Friday, November 29, 2019

DO DEMOCRATIC VOTERS SUDDENLY FIND WARREN LESS APPEALING, OR DO THEY ASSUME OTHER PEOPLE DO?

There's new polling from The New York Times today, and it actually contains good news for progressives:
Senator Elizabeth Warren’s plan to tax the assets of America’s wealthiest individuals continues to draw broad support from voters, across party, gender and educational lines. Only one slice of the electorate opposes it staunchly: Republican men with college degrees....

Overall, 63% of respondents said they support the wealth tax, including 55% of independents and 57% of Republicans. (Democratic support is 77%.)

And Medicare for All also gets high marks, though there's more of a partisan skew: Only 28% of Republicans back it, but there's support from 64% of independents and 81% of Republicans.

So why are Elizabeth Warren's poll numbers plummeting?

There are several possible explanations. Perhaps voters support for Medicare for All, but only if there's the option of keeping private insurance. Perhaps they don't like Warren's funding mechanism.

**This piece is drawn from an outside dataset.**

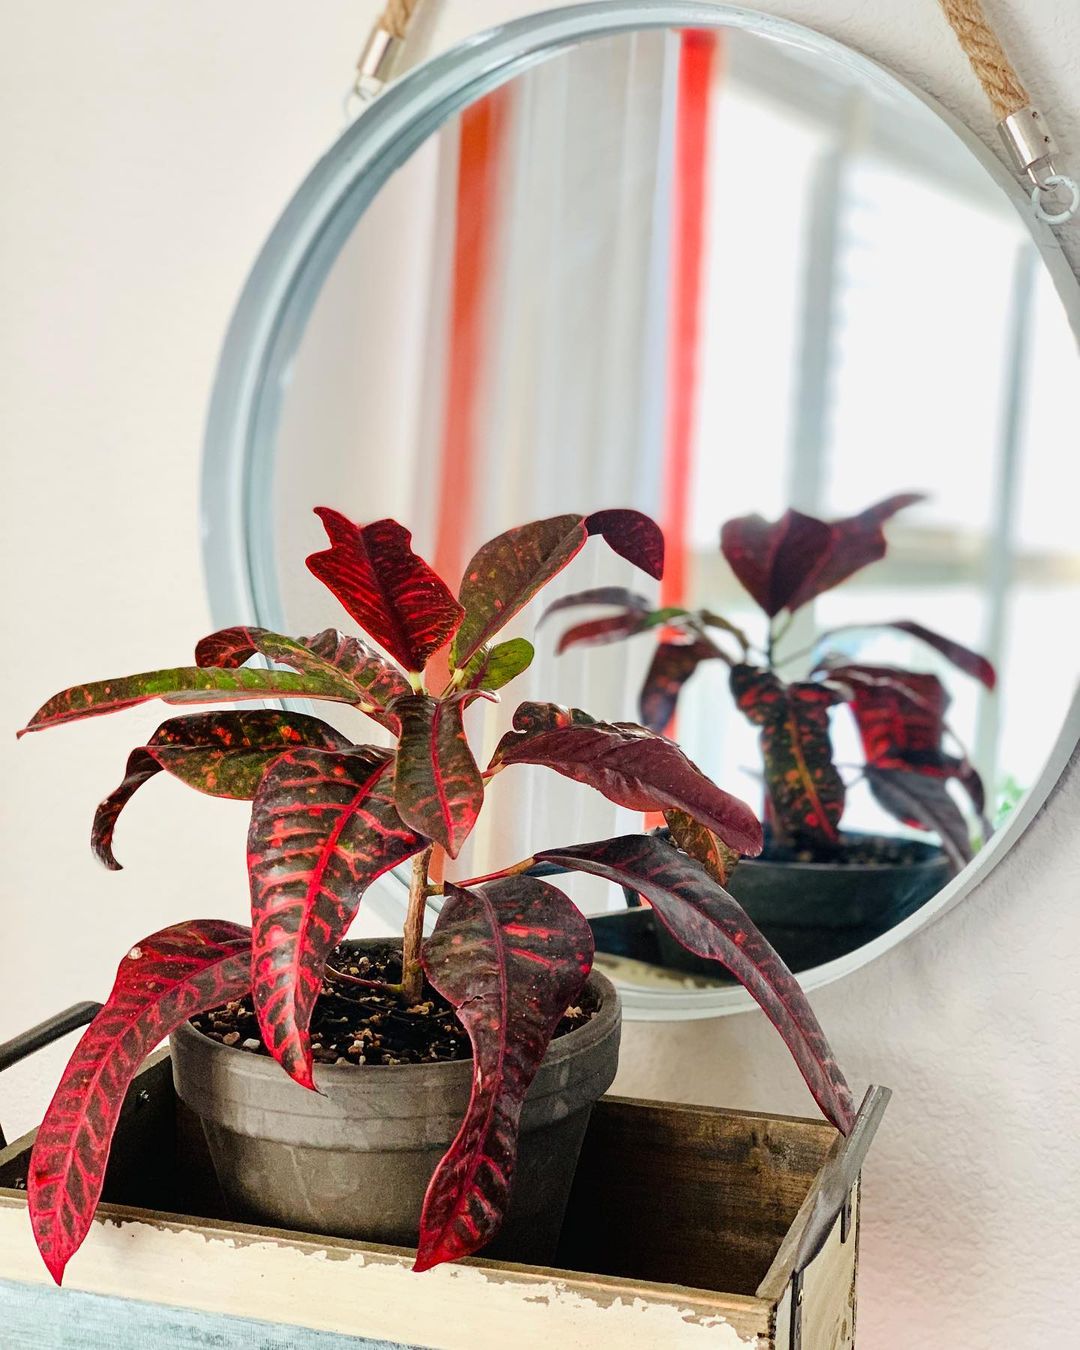 Red variation of the croton plant. Photo by Instagram user @theoriginalplantster.

Or perhaps many of her ex-supporters still like her and her plans, but they assume they have to put away childish things, close their eyes and think of Bugtussle -- in other words, they have to vote the way they assume a grizzled retiree in a ball cap sitting in a rural diner will want to vote.

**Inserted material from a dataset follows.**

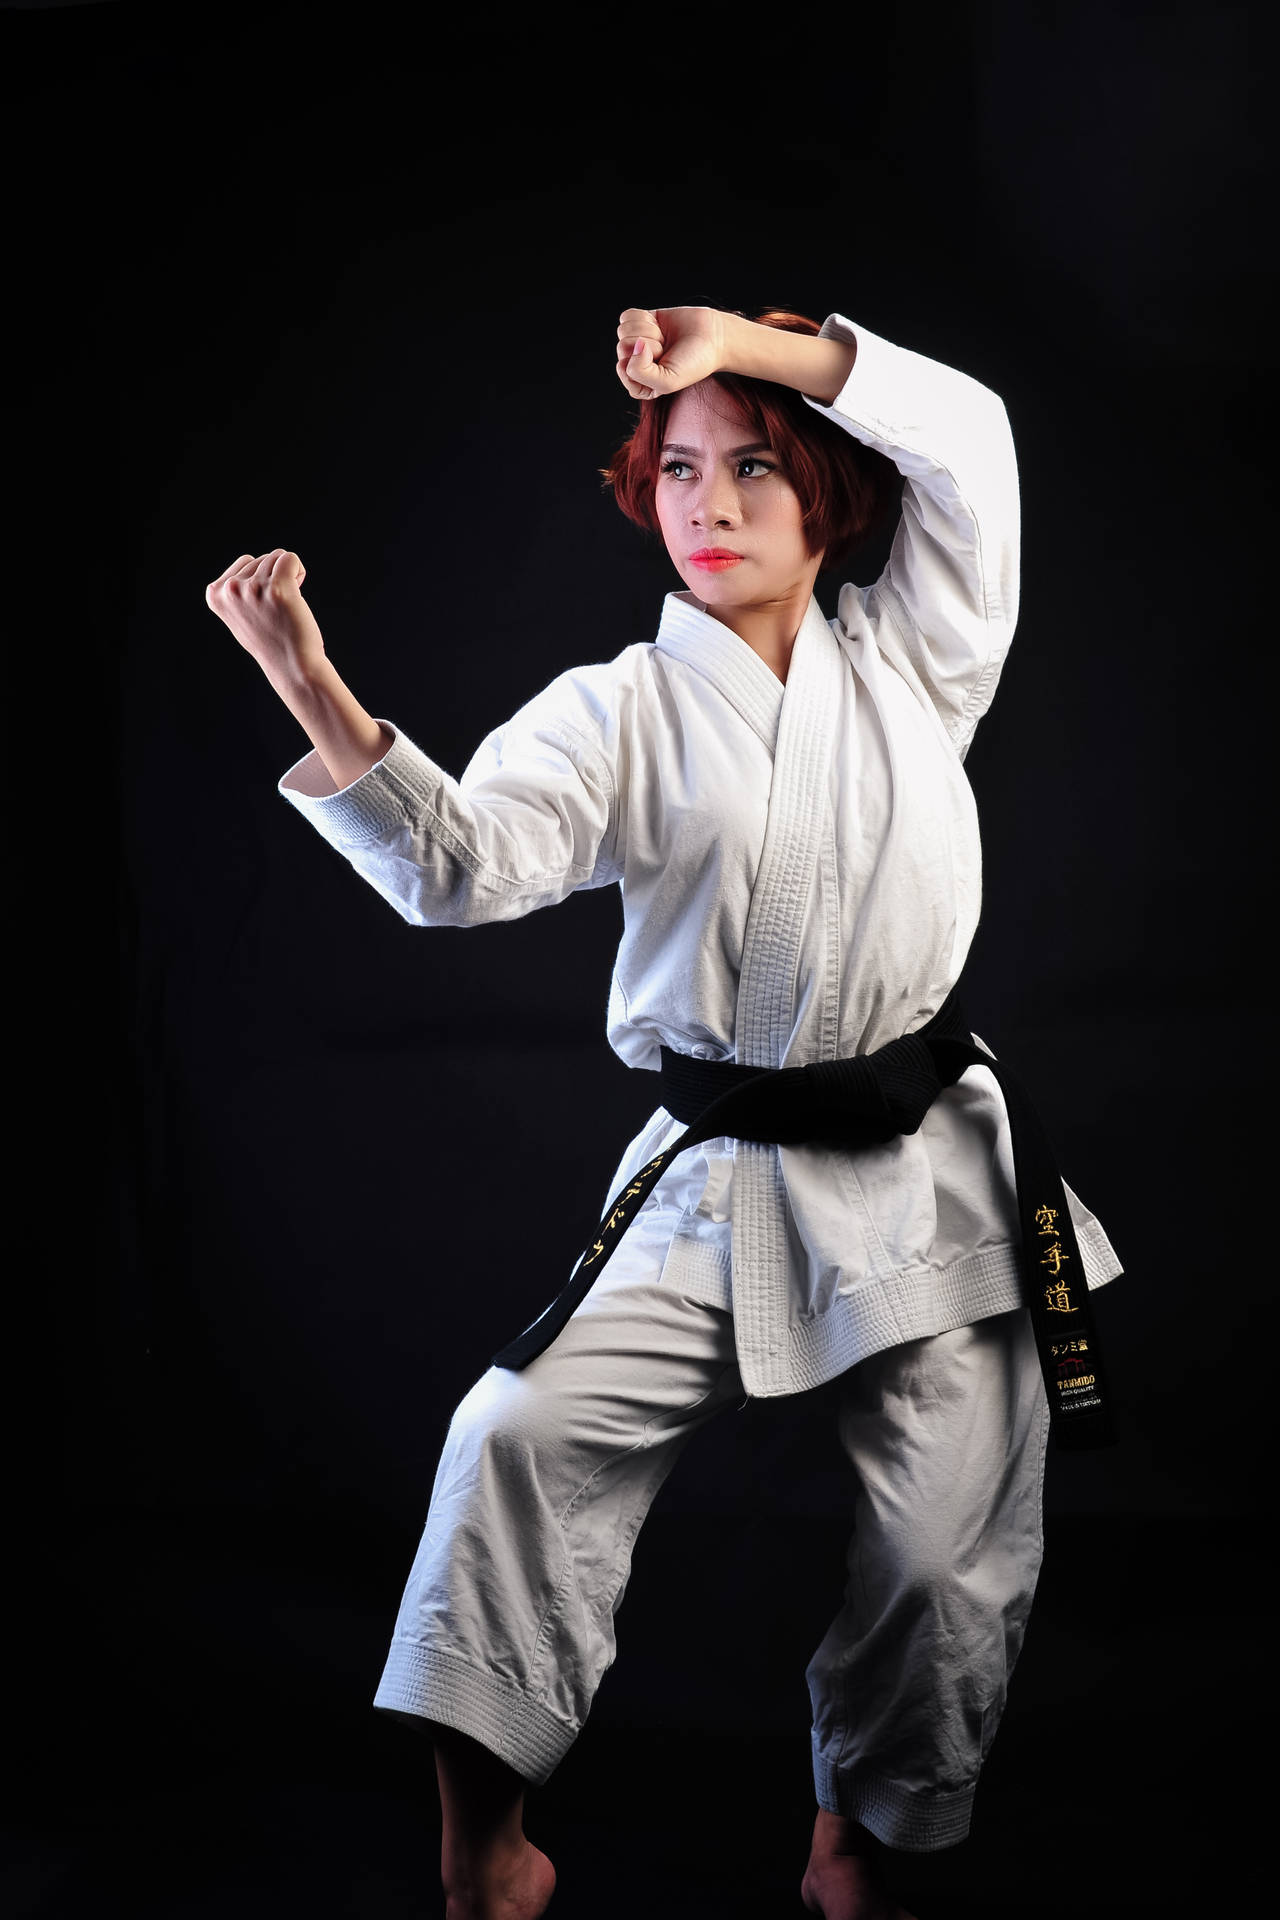 Female Judo Performer Background

This Times poll is done in conjunction with SurveyMonkey, not with Siena College, the Times's partner on the paper's last round of polling -- the one that continues to be cited by pundits who have "Democrats are doomed" confirmation bias.



Although the polls don't ask the same questions and it's possible that broad support for Warren's best-known positions doesn't translate to support for her candidacy, it also seems reasonable to assume that the Times's polling partners have arrived at very different, not particularly compatible results. It would be nice if that were noted in the paper's write-up of the new poll. (We are told in the current story that less educated voters are less likely to regard Warren as the strongest candidate on the economy, although she's at or near the top with every group apart from those who never attended college.)

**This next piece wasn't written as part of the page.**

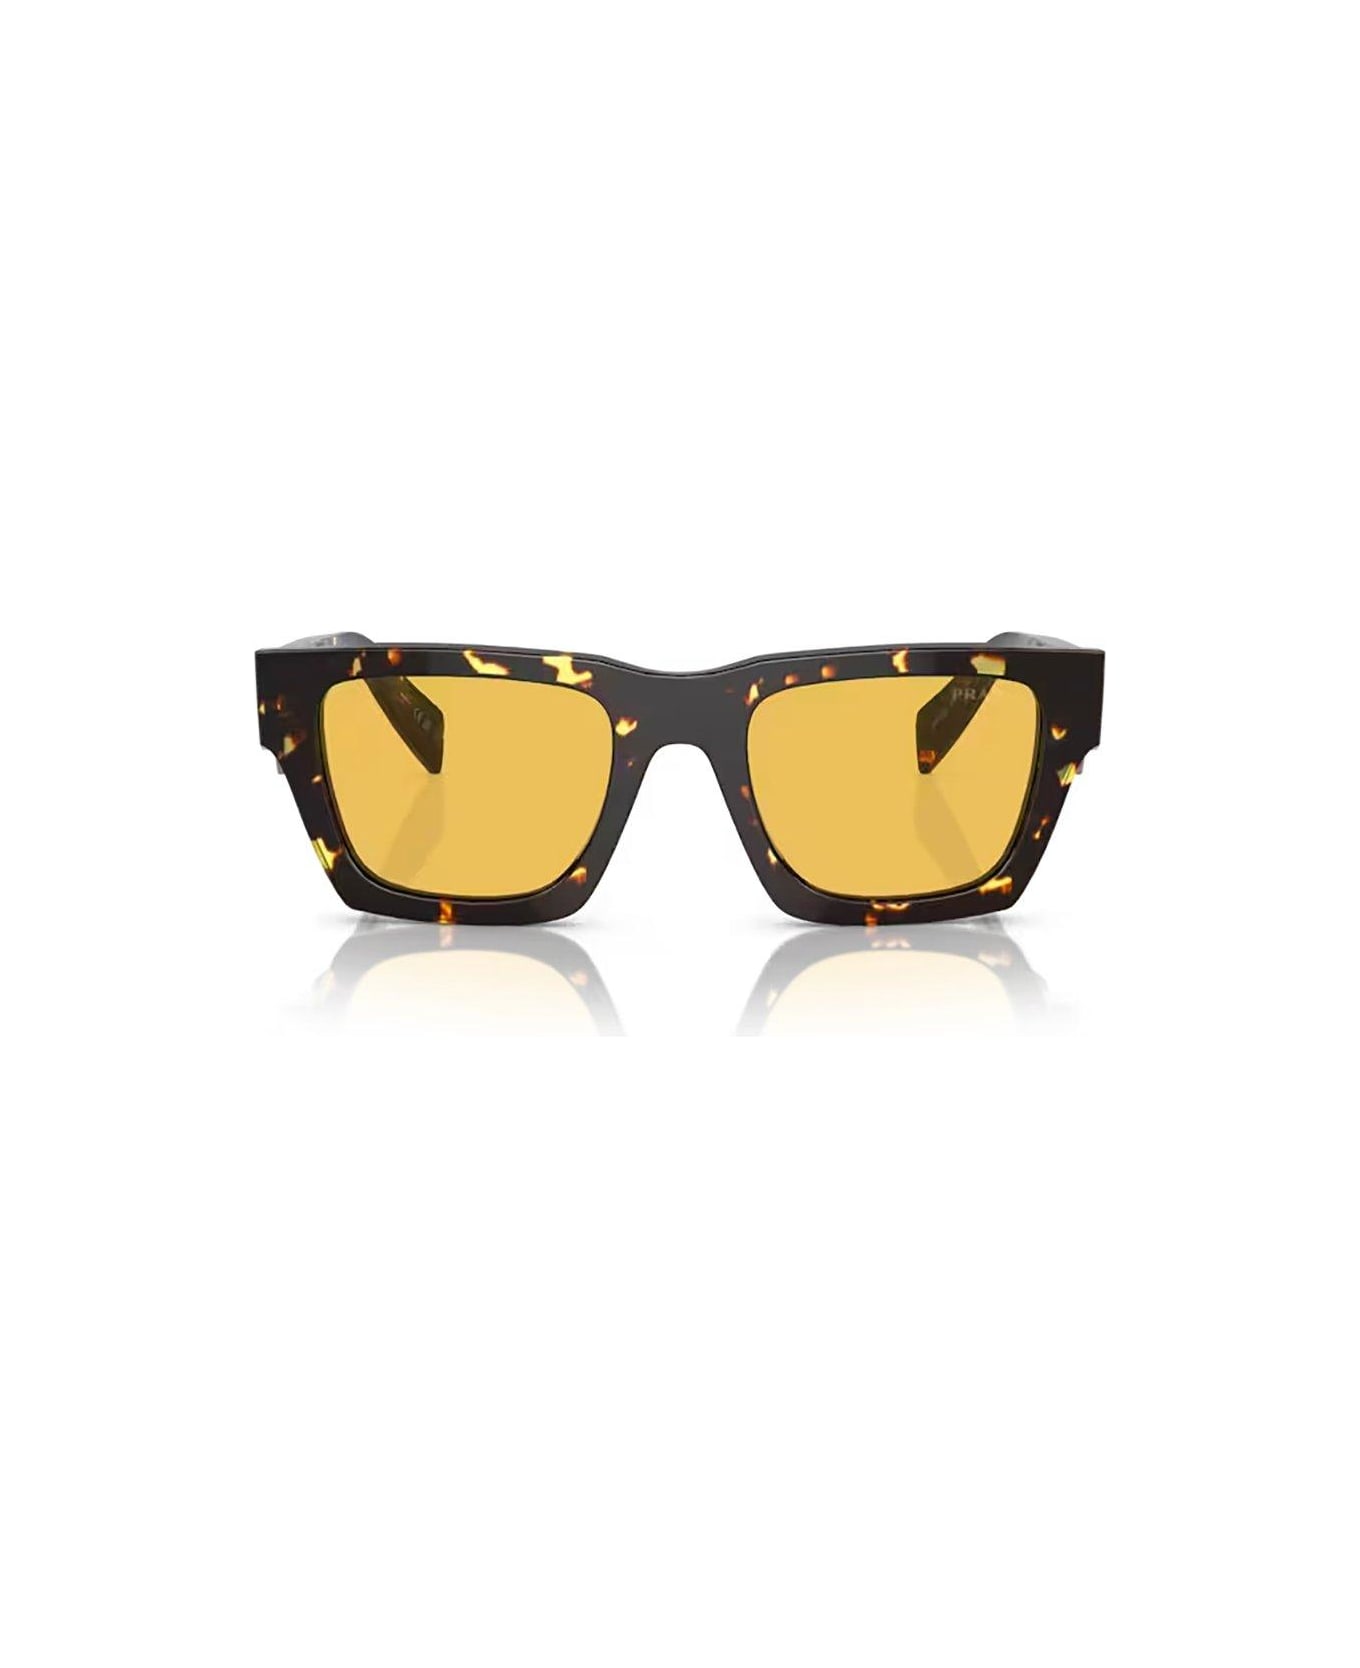 Prada Eyewear Square Frame Sunglasses Sunglasses - 16O10C Tortoise Black Malt

In a better world, poll numbers like these would put pressure on moderates to declare that they're going to soak the rich too. Maybe Biden, Buttigieg, and Bloomberg wouldn't endorse big structural changes like the ones Warren and Bernie Sanders are proposing, but they'd be jacking up their proposed tax rates for the 1%.

But we don't live in that world. This poll won't generate any enduring narratives. Only anti-progressive polls do that.